Oregon Supreme Court Declines To Hear Schwartz Case

merlyn writes "The Oregon Supreme Court declined to hear my case, leaving standing the unfavorable decision of the Oregon Appeals Court as the final authority on this eight-year-long case, well known to many sysadmin and Perl hacker alike. Details at my fors-announce posting." If you're not sure what that means, you probably want to read at least this site which offers a straightforwardly partisan look at the complicated case of Intel vs. Schwartz as well as Schwartz's own page; it's a strange world where programmers and sysadmins can be convicted for seemingly innocent activities.

Schwartz used bad judgement, nothing more.

[Schwarzchild]

IIRC from one of his web sites he pretty much describes all of the events that led up to his being arrested. He is honest about the fact that his contract at Intel's Supercomputer division was about to expire and he was trying to find a reason for them to continue to keep him employed and he decided to use their weak computer security as a reason for them to continue to use him as a contractor. Unfortunately, he wasn't an admin and he didn't get permission to crack the passwords. So when the admin found out that Schwartz was running Crack he informed the security guys at Intel.

Also IIRC it seemed like Intel management wanted to handle it differently than Intel Security which called up the Sheriffs office, I think, to have Randal arrested.

IMHO he only used really bad judgement and is obviously not a cracker bent on maliciousness.

I think it's too bad that the courts came down as hard as they did on him. At least he's not still in prison.

Re:and since when is...

> ...cracking password an innocent activity?

Well the answer to that is when the cracking is not being done to secure access to the systems in question.

Having a key to a safe shouldn't be a problem. Opening the safe and removing contents is a problem.

I have been in very much the same situation as this in the UK. Although I was not running crack myself a friend of mine was, and was using my account to do so. His interest in doing so was mere curiosity to see what percentage of passwords could be cracked.

At no time were any of these cracked accounts used for anything and as far as I can tell from the reports neither did Randal.

This point was what resulted in my case being dismissed.

Cracking passwords is a potentialy suspisious activity and Randal was bloody stupid for doing it on company machines but until the accounts are used this should not be a crime.

Re:Innocent Activites?!

[sinnergy]

Well, that's certainly one way to look at it, isn't it. However, things aren't that simple. You and I both know that. Anyone who has had the opportunity to hear his side of the story in person knows it goes a little deeper than that. I had the privelage of hearing him speak at Ic0n hear in Cleveland earlier in the year and again at Phreaknic in Nashville.

Yeah, he isn't completely blameless and he doesn't claim to be. However, he's being railroaded on some serious charges. If you know the laws he was tried under you know how vague and broad in scope they could be. Under those laws and a liberal interpretation, I would be unable to effectively do my own job.

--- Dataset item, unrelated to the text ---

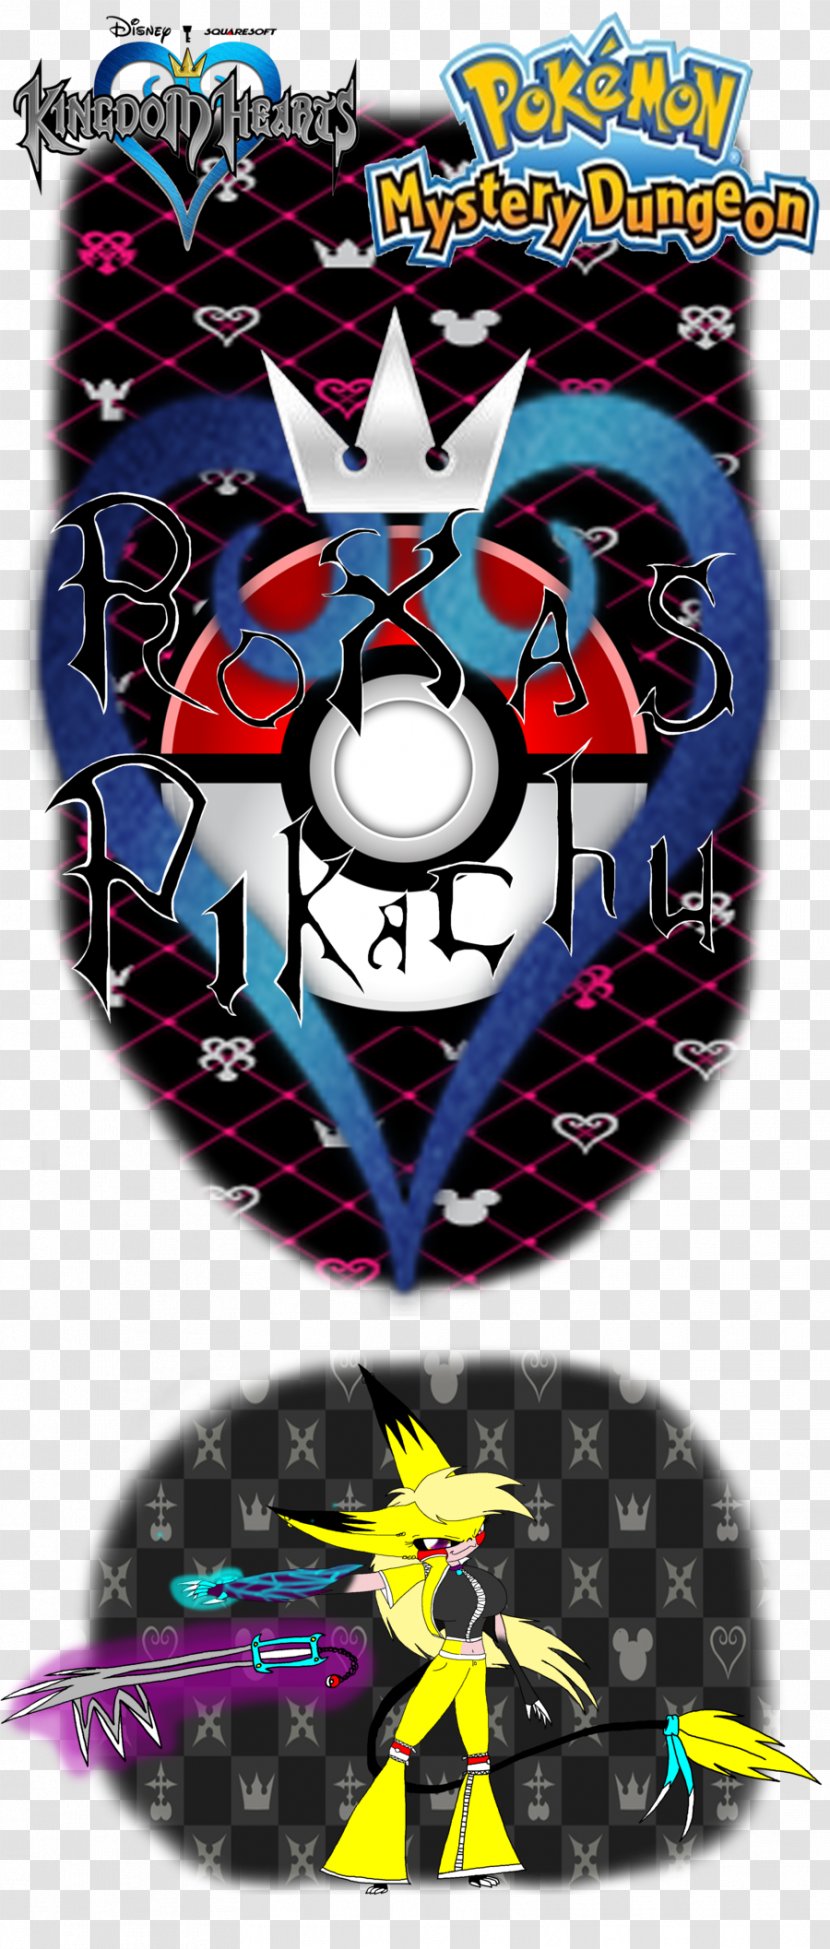 Pokémon Mystery Dungeon: Explorers Of Darkness/Time Nintendo DS Graphic Design - Pokemon Dungeon Transparent PNG
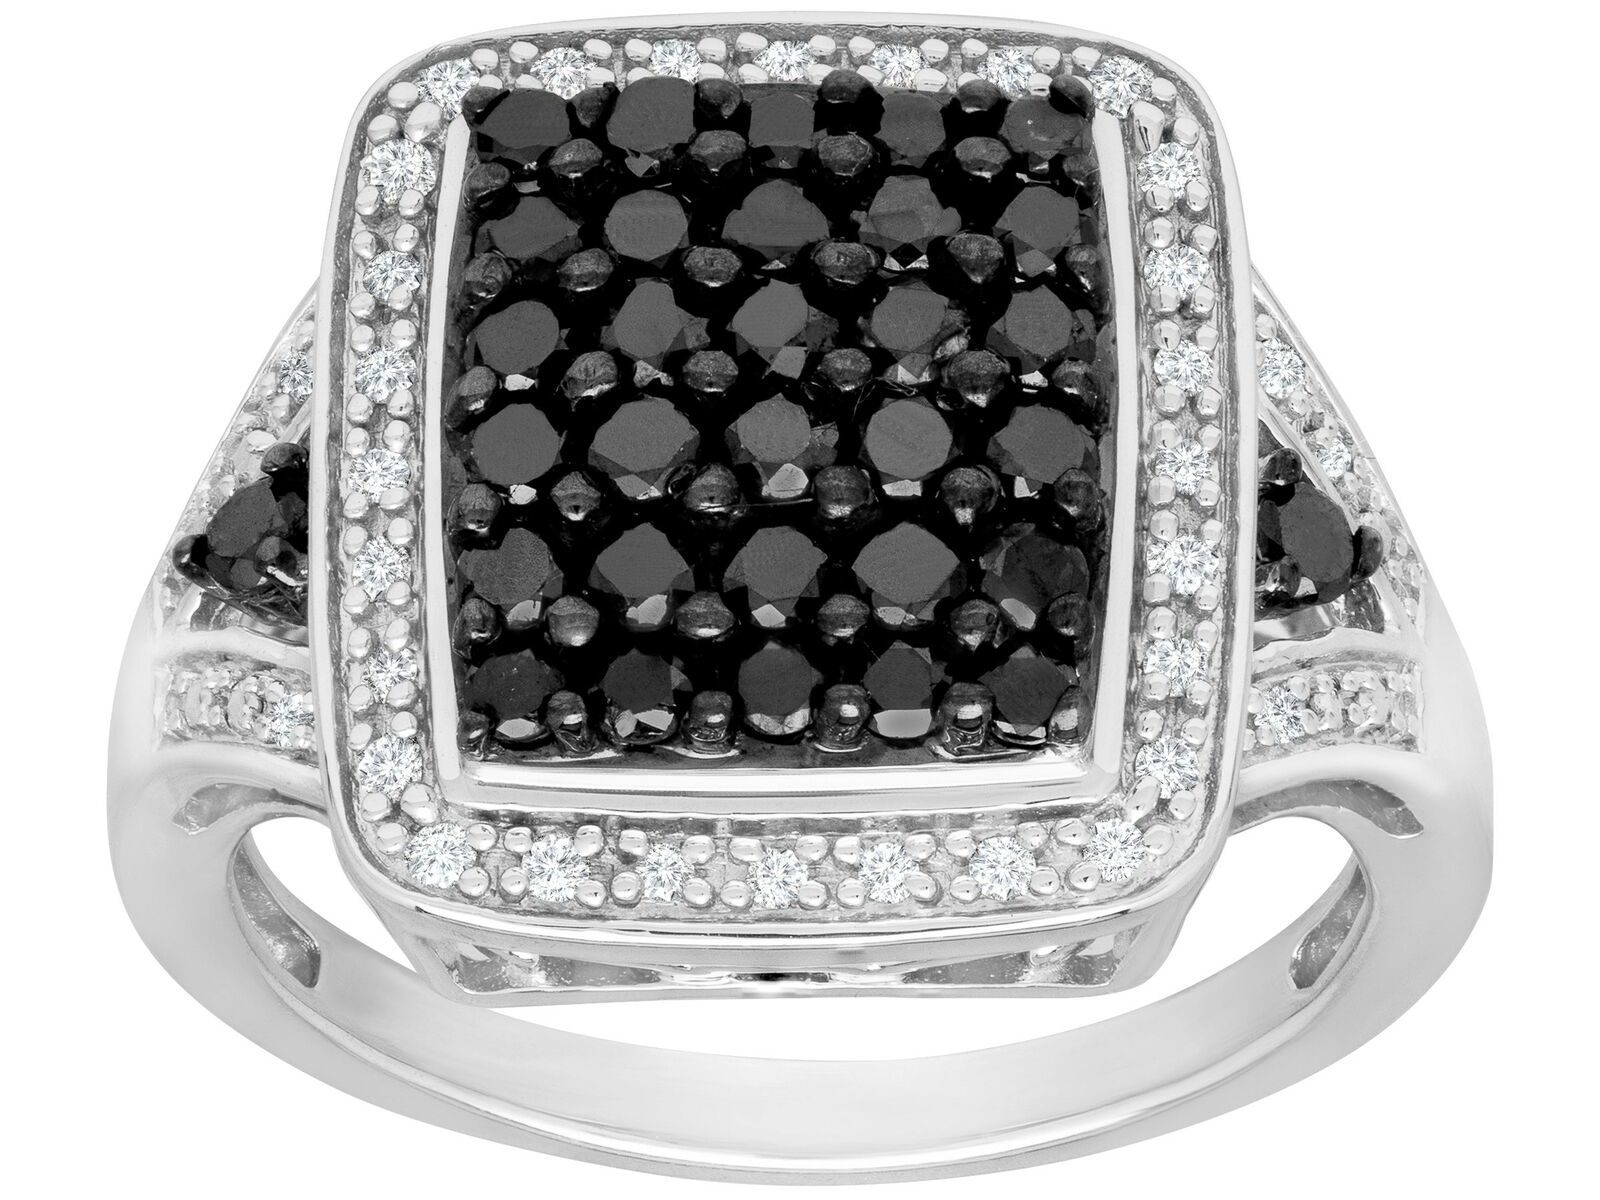 1 ct Black & White Diamond Ring in Sterling Silver

So, in short, let's look at both side of the story here. I encourage anyone who will dismiss Schwartz right off the bat to hear his side of the case.

He's a pretty nice guy, to boot. A hacker's hacker, if you will.

Re:Oh Please

[Matts]

Randal tried to tell Intel execs to change their passwords to be more secure. They didn't, and said it was a non issue.

Randal was merely proving his point, when he found out the vice president's password was "pre$ident", and many other insecure passwords.